- Education: University of Sydney
- Scientific career
- Fields: Immunologist
- Workplaces: University of Sydney

= Sheryl van Nunen =

Australian allergy researcher and immunologist

Sheryl van Nunen OAM is a Visiting Medical Officer at Northern Beaches Hospital in Sydney, Australia, and Clinical Professor at the Faculty of Medicine and Health, University of Sydney. Professor van Nunen is most recognized for her research in allergic diseases.

== Education and career ==
Van Nunen, a specialist in allergies, is widely recognized for her work in 2007 identifying tick-induced mammalian meat allergy, which has increased in prevalence worldwide since then. In 2007 she was the first immunologist in the world to describe in a published paper the link between ticks and meat allergy. According to van Nunen, Australia has the highest rate of mammalian meat allergy and tick anaphylaxis in the world.

In 2018, after four years in development, van Nunen, in collaboration with a pharmaceuticals company and northern Sydney hospital Emergency Department, released a world-first freeze spray designed to be topically applied to ticks that have attached to humans. The spray kills ticks by freezing, rather than by the traditional method of removal using tweezers. Removing ticks by tweezers was found to have a significantly detrimental effect because tweezers squeeze toxins from the tick into the host and thereby significantly increase the allergen injected. A study released in 2019 by van Nunen supports the growing consensus in Australia to kill the tick in situ rather than pull the tick out.

== Medical research ==
Van Nunen had been working at a practice in a tick-prone area of Sydney, when some patients reported having allergic reactions to red meat after being bitten by ticks in their local areas.

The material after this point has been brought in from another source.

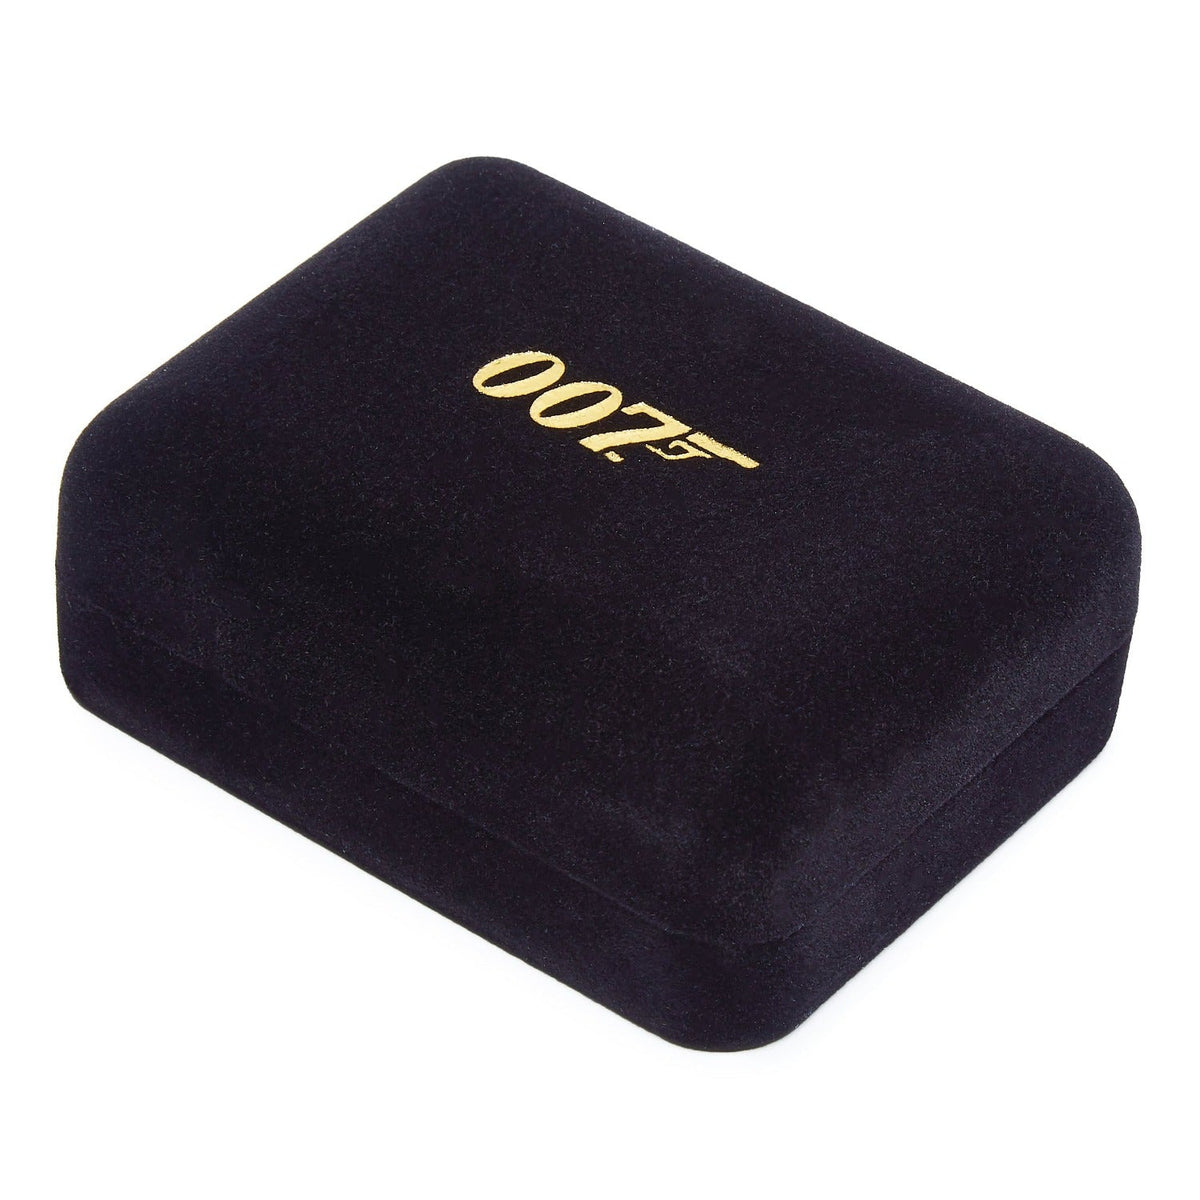 Dove Cufflinks - For Your Eyes Only Limited Edition - 007STORE

Some patients developed allergies to sugar molecule alpha galactose, more commonly known as alpha-gal, which is commonly found in meat and animal products e.g. cow's milk and gelatine.

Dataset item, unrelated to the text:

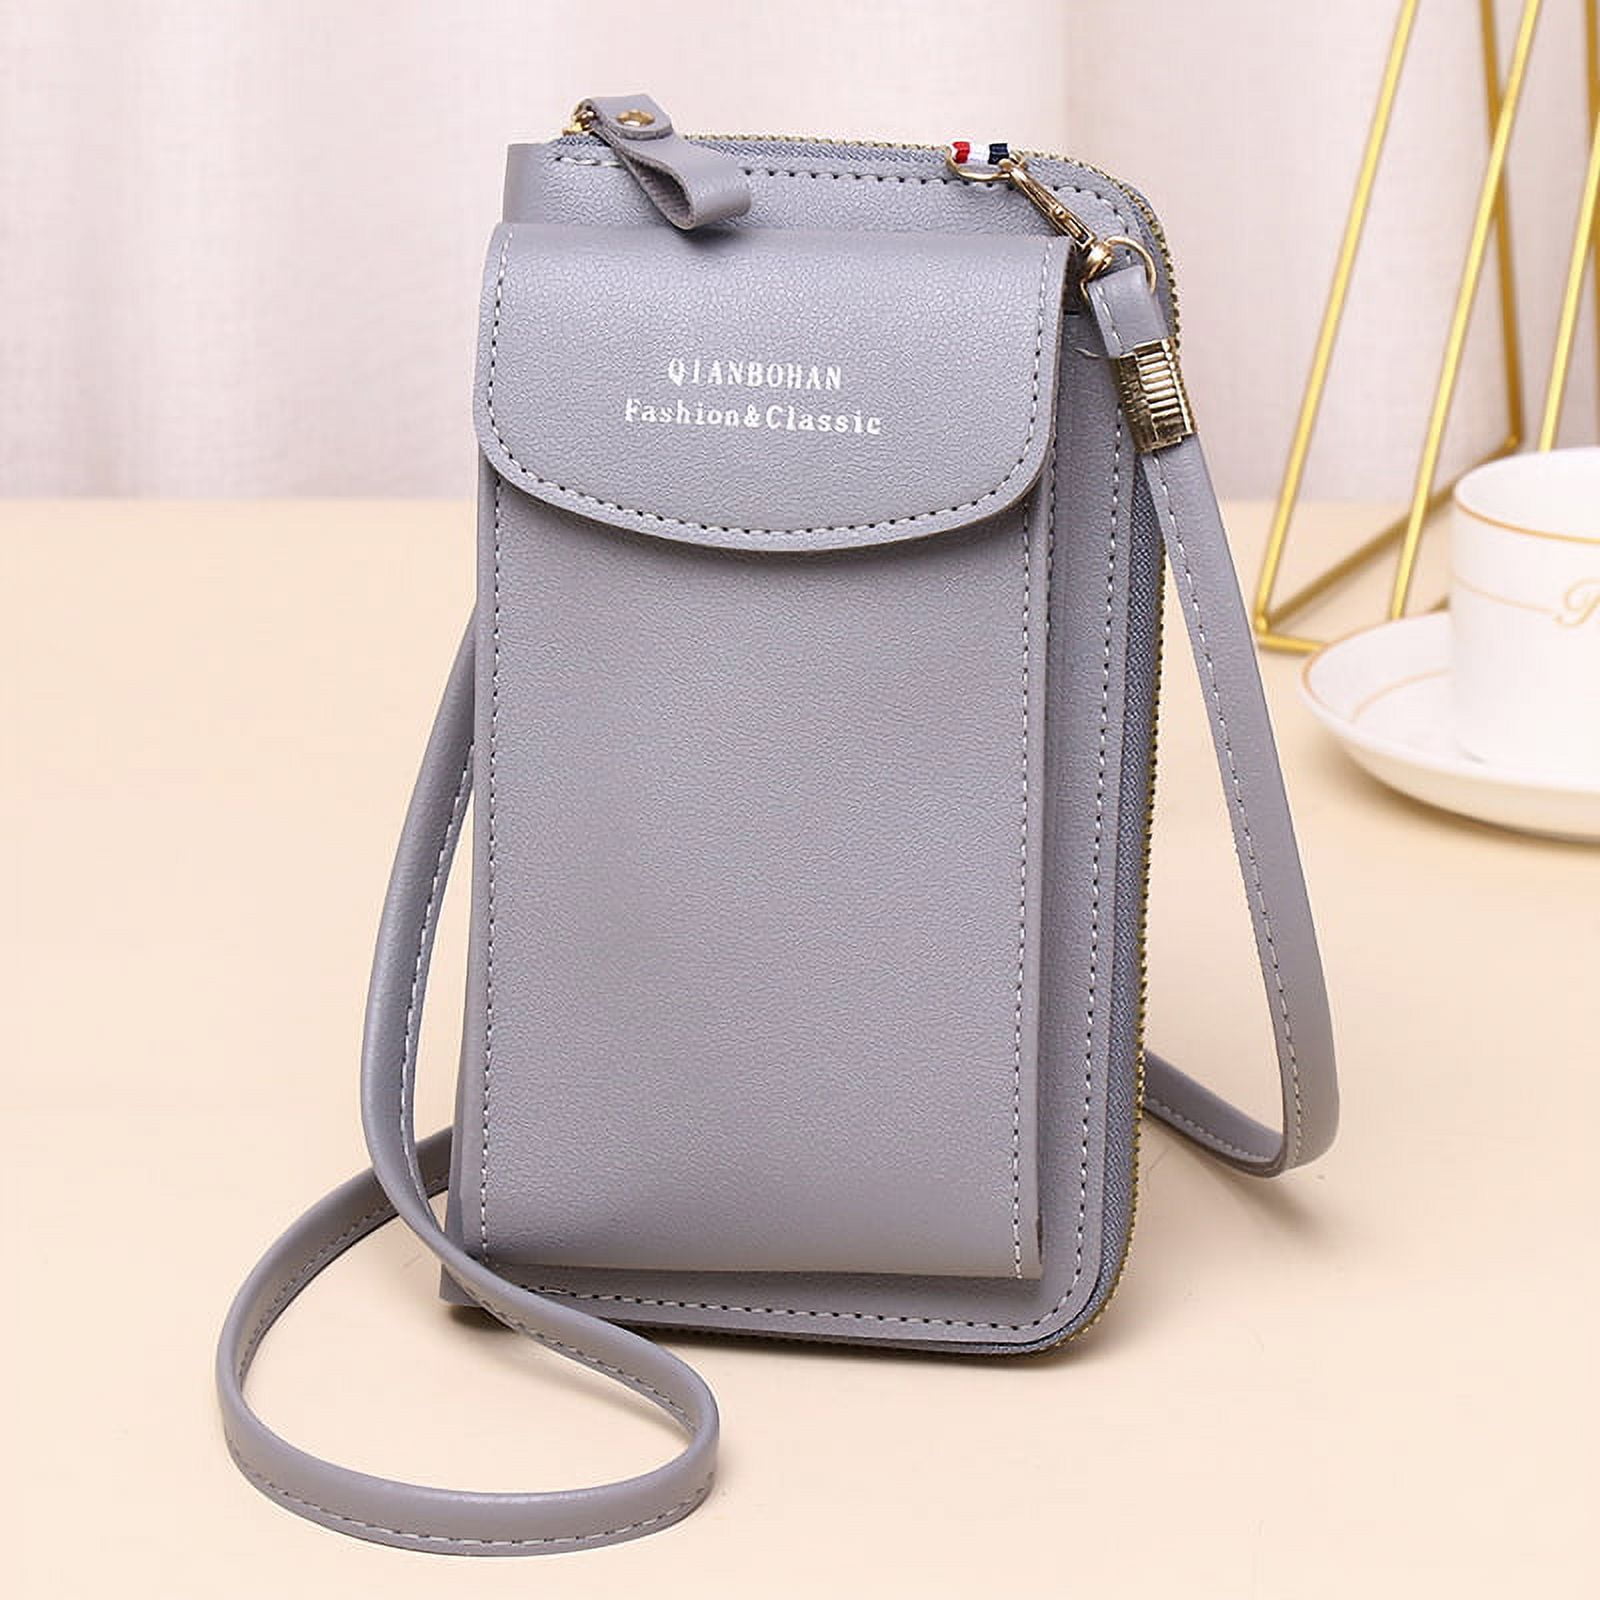 Buy GUSTAVE® Pink Mini Wallet Shoulder Small Crossbody Phone Bag for Women  with Earphone Cable Hole Wallet Clutch Bag for Women at

"Mammalian meat allergy will only come up under certain circumstances, so it's an anytime but not an every time allergy," van Nunen said. "This is one of the problems with diagnosis."

Van Nunen advises that tick anaphylaxis and mammalian meat allergy is preventable if one deals appropriately with the ticks. Preventative measures can also be applied by regularly treating your lawns and dressing appropriately to minimize your risk of exposure to ticks.

Van Nunen advises that mammalian-meat allergy is a rare condition, albeit that she has managed hundreds of cases to date. “After you’ve seen a couple of people and the story’s the same, I like to know what’s happening to them, so I always take a family history of allergy,” she says. These patients said they had experienced a large, localized reaction, or a more extreme systemic reaction, when they’d been bitten by a tick.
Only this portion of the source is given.